I recommend BIS adopt two interventions to close enforcement gaps: (1) tiered export licensing that is based on verification requirements, and (2) an embedded technical assessment capability at NIST AISI.

Current Controls: Intent and Limitations

BIS export AI chips controls use three mechanisms: performance-based thresholds which restrict advanced logic chips and high-bandwidth memory, end-use controls which target supercomputer and military applications, and expanded Foreign Direct Product Rule coverage of semiconductor manufacturing equipment. Since the "AI Diffusion Rule" was rescinded in May 2025, controls focus on maintaining allied access while imposing targeted restrictions for China.

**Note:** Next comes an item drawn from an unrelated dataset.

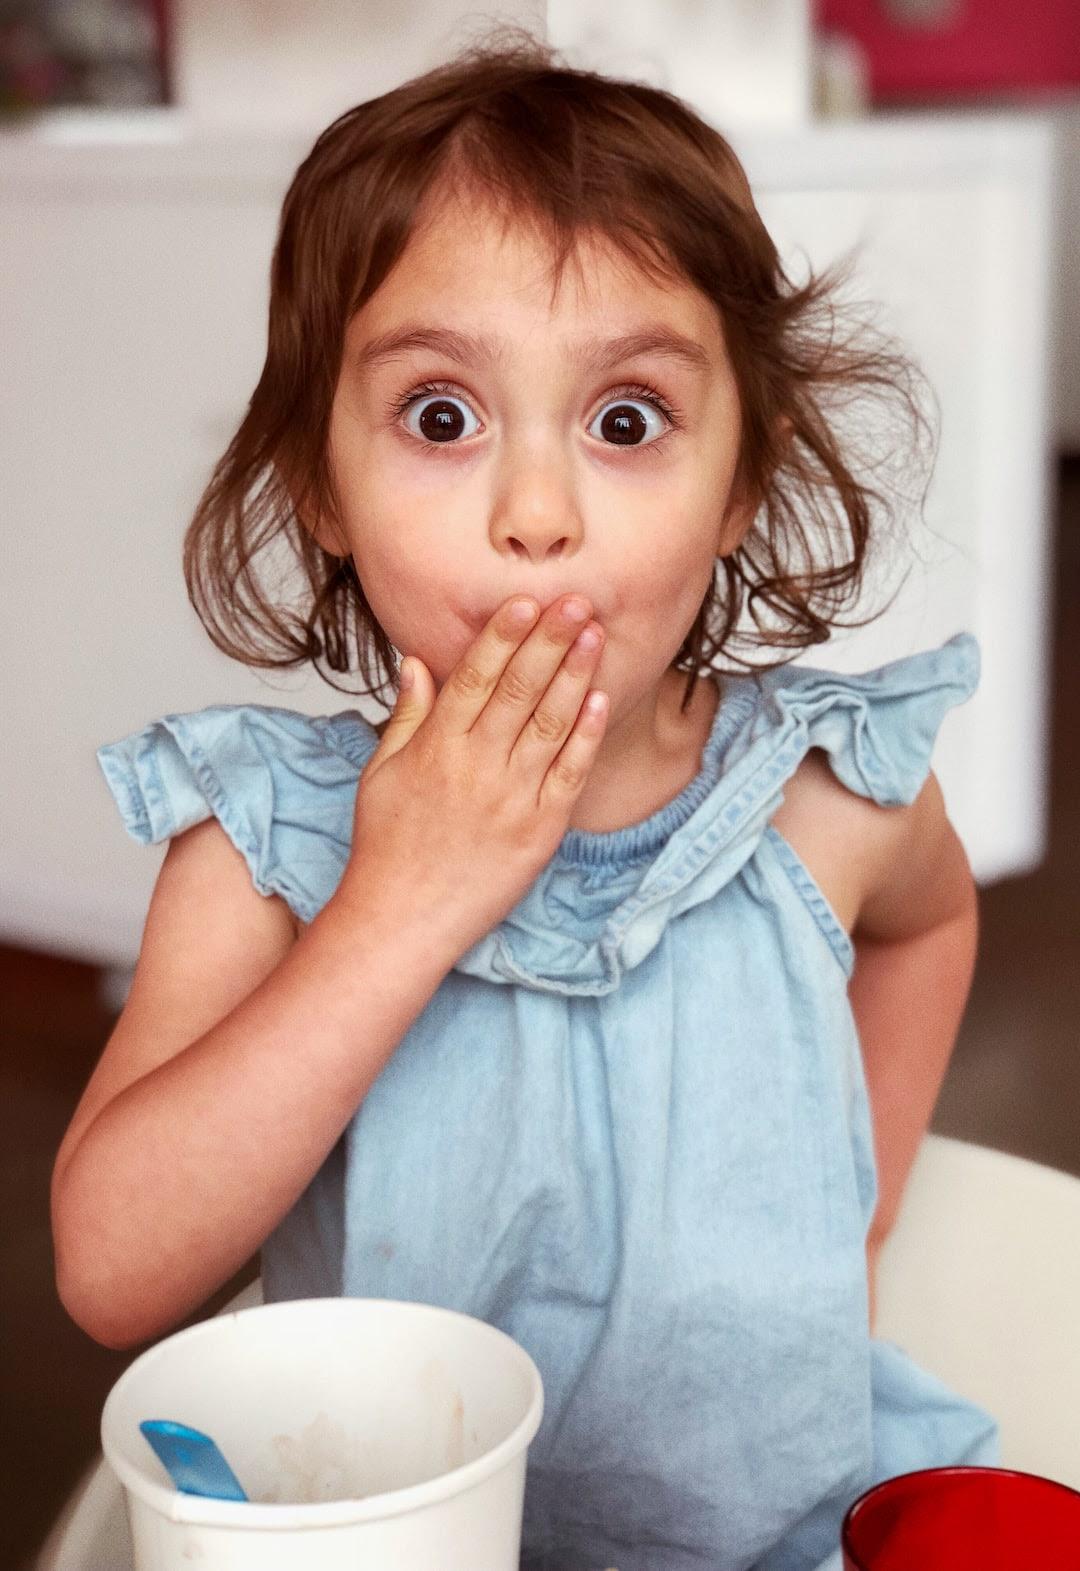 Quiet Baby Image Download : quiet, image, download, Quiet, Images, Download, Viewer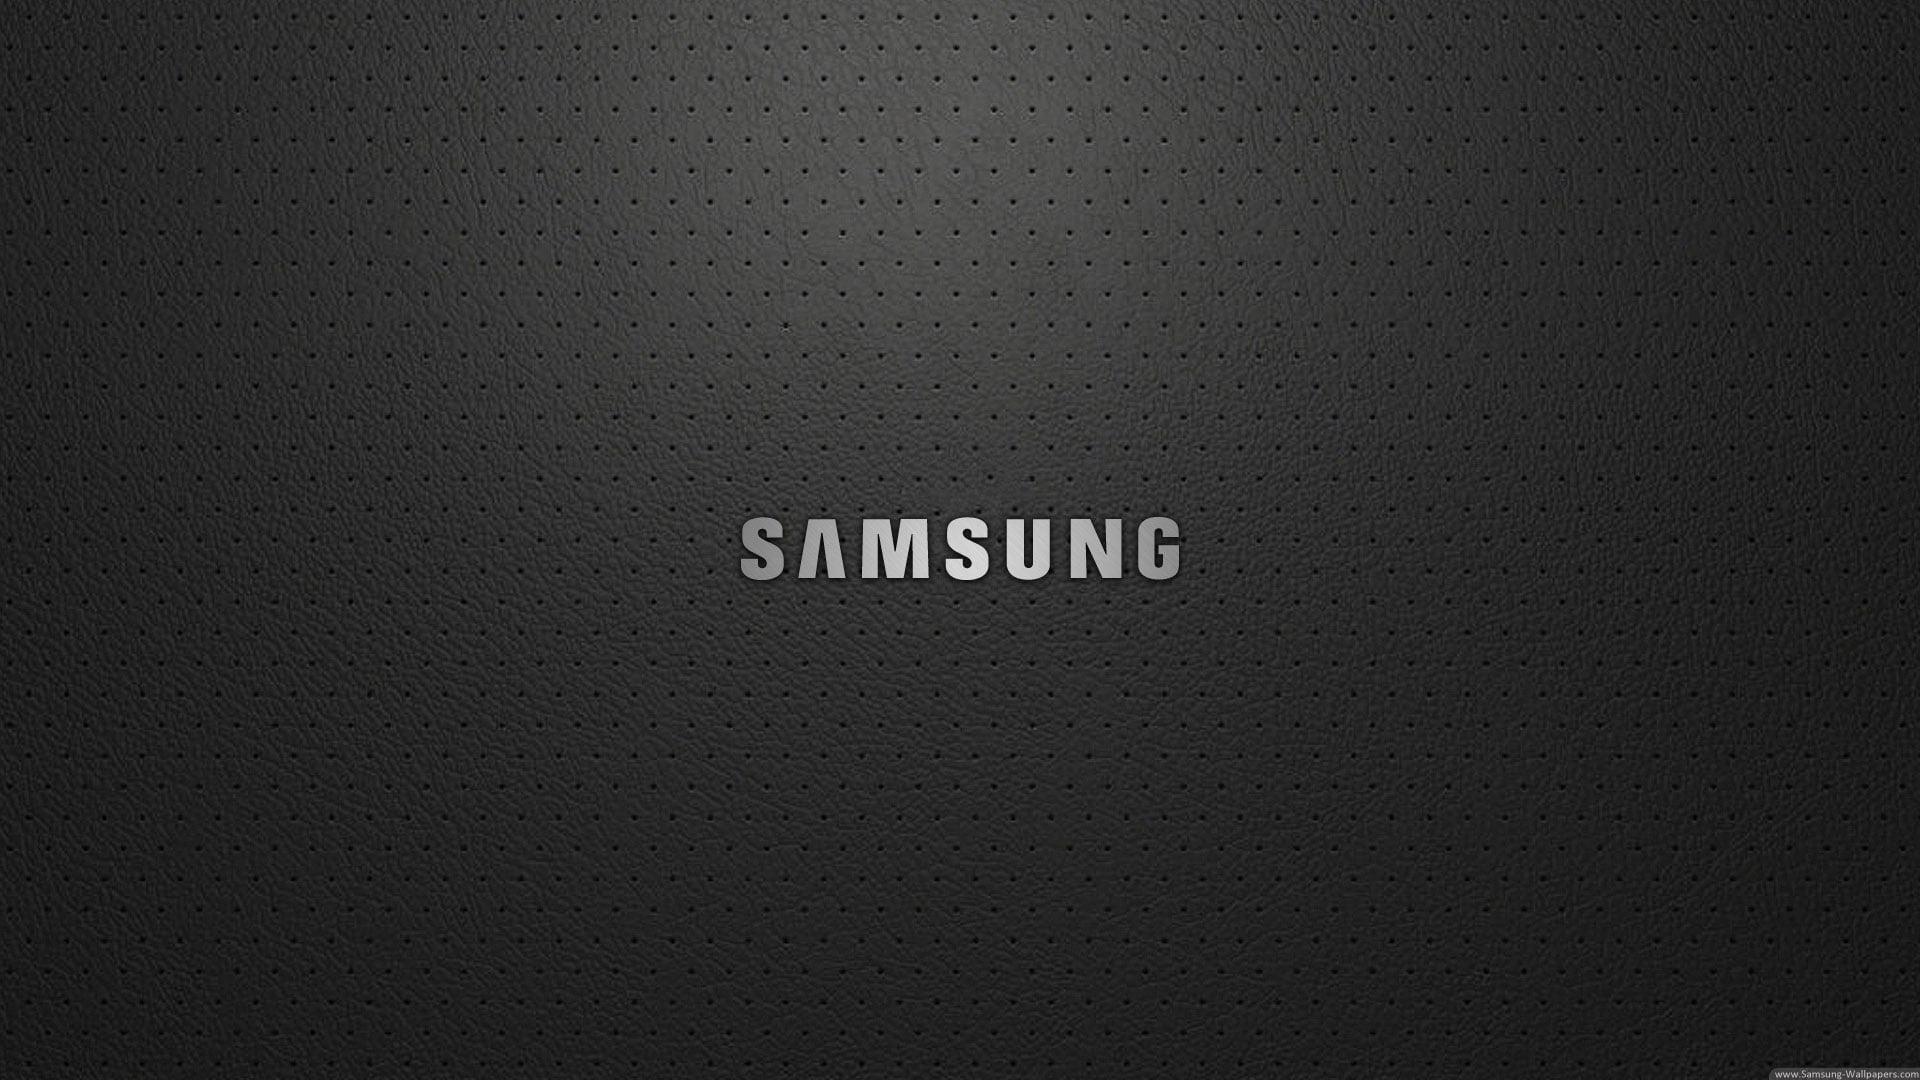 Android L dla Galaxy Note'a 4 i S5 jeszcze w tym roku? 23

However, there are three critical limits. First, BIS cannot effectively track chip location or deployment after export. China has reportedly acquired tens of thousands of H100-class chips through indirect channels despite controls. Second, current thresholds target chips optimized for training workloads, but AI development is shifting toward inference-heavy architecture. Third, control updates need 6-12 months from when the gap was identified to be implemented.

Recommendation 1: Tiered Export Licensing Based on Verification Requirements

A tiered approach would restructure controls around tiers based on end users' willingness to accept verification. Tier 1 would provide expedited licensing for advanced chips (e.g.: B200) to end users who would accept quarterly aggregate compute usage reporting, remote chip inventory verification, and network isolation. Tier 2 would provide standard licensing for current-generation chips to end users who would accept on-site inspections. Tier 3: end users who refuse verification would face presumptive denial.

Recommendation 2: Establish Rapid Technical Assessment Capability

BIS lacks embedded technical expertise to anticipate how AI architectural development creates control vulnerabilities before adversaries exploit them. I propose to establish a small technical team (5-7 staff) in NIST's AI Safety Institute to stress-test regulations against emerging AI developments. This 'regulatory red team' could reduce the current 6-12 month implementation lag to weeks by continuously stress-testing controls against new AI developments.